Deléglise-Dusart-Roblot [1] give an algorithm which determines the number of primes up to $x$ that are congruent to $l$ modulo $k,$ in time $O(x^{2/3}/\log^2x).$ A modification of the algorithm of Lagarias-Odlyzko [2] allows the same to be computed in time $O(x^{1/2+o(1)}).$

So using either algorithm, find the number of primes in all residue classes mod primes up to $\log m.$ For each prime $q,$ take the total number of primes in each residue class times that residue class to the $k$-th power; this gives the value of $$\sum_{\stackrel{p\le N}{p\text{ prime}}}p^k\pmod q.$$

Use the Chinese Remainder Theorem to determine the value of the sum mod $2\cdot3\cdots\log m.$ The Prime Number Theorem ensure that this, or a little more, is greater than $m$ and hence sufficient to determine the result uniquely. (Note that if $m>N^{k+1}/\log N$ or so, the calculations can be done exactly working mod $k\log N$ or so.)

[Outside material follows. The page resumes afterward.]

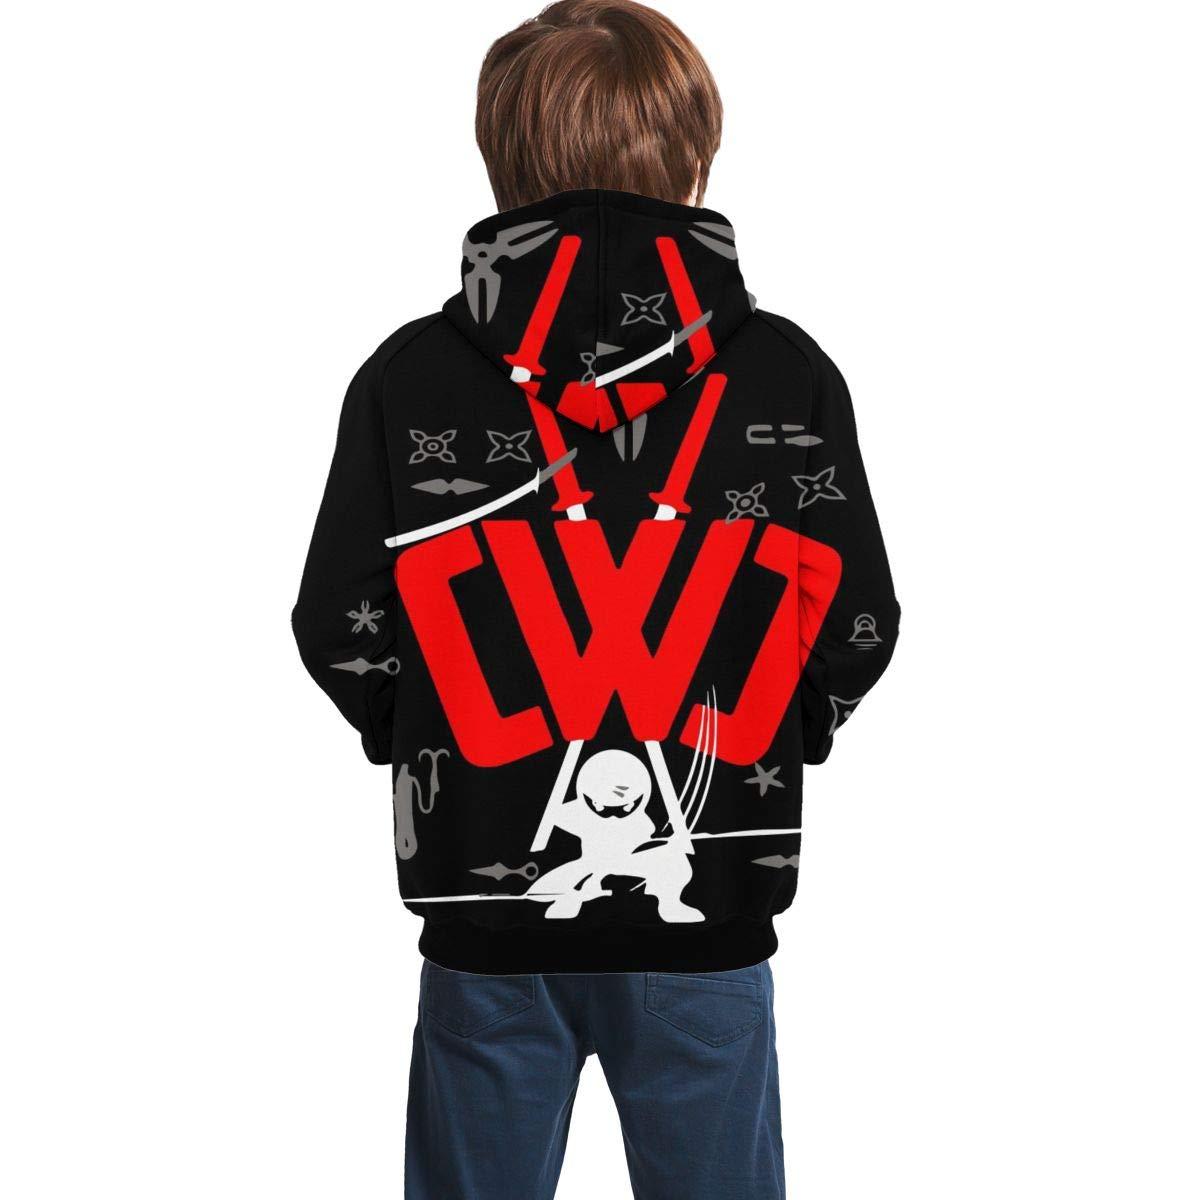 Joancoo Chad Wild Clay Ninja Darts Graphic Pullover Hoodie for Teens Boys Girls

This gives the sum (mod m or in Z) in time $O(N^{1/2+o(1)})$ since the number of calculations needed is logarithmic.


[1] Marc Deléglise, Pierre Dusart, and Xavier-François Roblot, Counting primes in residue classes, Mathematics of Computation 73:247 (2004), pp. 1565-1575. doi

[2] J. C. Lagarias and A. M. Odlyzko, Computing $\pi(x)$: An analytic method, Journal of Algorithms 8 (1987), pp. 173-191.

[3] Charles, answer on MathOverflow. (Yes, this is the same person. See the other answers there for different approaches.)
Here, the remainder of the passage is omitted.